• **HOW TO COMPLETE THIS TASK**
Here the requirement is to repeat every record exactly, in full.

• **RECORD EXTRACTS**
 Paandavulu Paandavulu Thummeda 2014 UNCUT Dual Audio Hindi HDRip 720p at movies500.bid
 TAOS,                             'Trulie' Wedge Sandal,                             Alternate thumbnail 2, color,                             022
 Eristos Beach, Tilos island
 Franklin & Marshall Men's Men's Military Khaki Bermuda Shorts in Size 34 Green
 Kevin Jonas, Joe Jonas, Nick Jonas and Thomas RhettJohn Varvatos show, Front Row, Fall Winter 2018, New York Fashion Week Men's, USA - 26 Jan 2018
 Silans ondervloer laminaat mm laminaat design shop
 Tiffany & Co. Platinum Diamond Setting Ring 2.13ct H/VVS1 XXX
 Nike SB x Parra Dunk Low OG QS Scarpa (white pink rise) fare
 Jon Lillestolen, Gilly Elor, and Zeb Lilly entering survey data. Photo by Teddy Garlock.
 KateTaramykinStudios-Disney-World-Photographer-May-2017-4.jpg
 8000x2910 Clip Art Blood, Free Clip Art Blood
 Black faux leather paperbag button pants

• **COMPLETED TASK**
 Paandavulu Paandavulu Thummeda 2014 UNCUT Dual Audio Hindi HDRip 720p at movies500.bid
 TAOS,                             'Trulie' Wedge Sandal,                             Alternate thumbnail 2, color,                             022
 Eristos Beach, Tilos island
 Franklin & Marshall Men's Men's Military Khaki Bermuda Shorts in Size 34 Green
 Kevin Jonas, Joe Jonas, Nick Jonas and Thomas RhettJohn Varvatos show, Front Row, Fall Winter 2018, New York Fashion Week Men's, USA - 26 Jan 2018
 Silans ondervloer laminaat mm laminaat design shop
 Tiffany & Co. Platinum Diamond Setting Ring 2.13ct H/VVS1 XXX
 Nike SB x Parra Dunk Low OG QS Scarpa (white pink rise) fare
 Jon Lillestolen, Gilly Elor, and Zeb Lilly entering survey data. Photo by Teddy Garlock.
 KateTaramykinStudios-Disney-World-Photographer-May-2017-4.jpg
 8000x2910 Clip Art Blood, Free Clip Art Blood
 Black faux leather paperbag button pants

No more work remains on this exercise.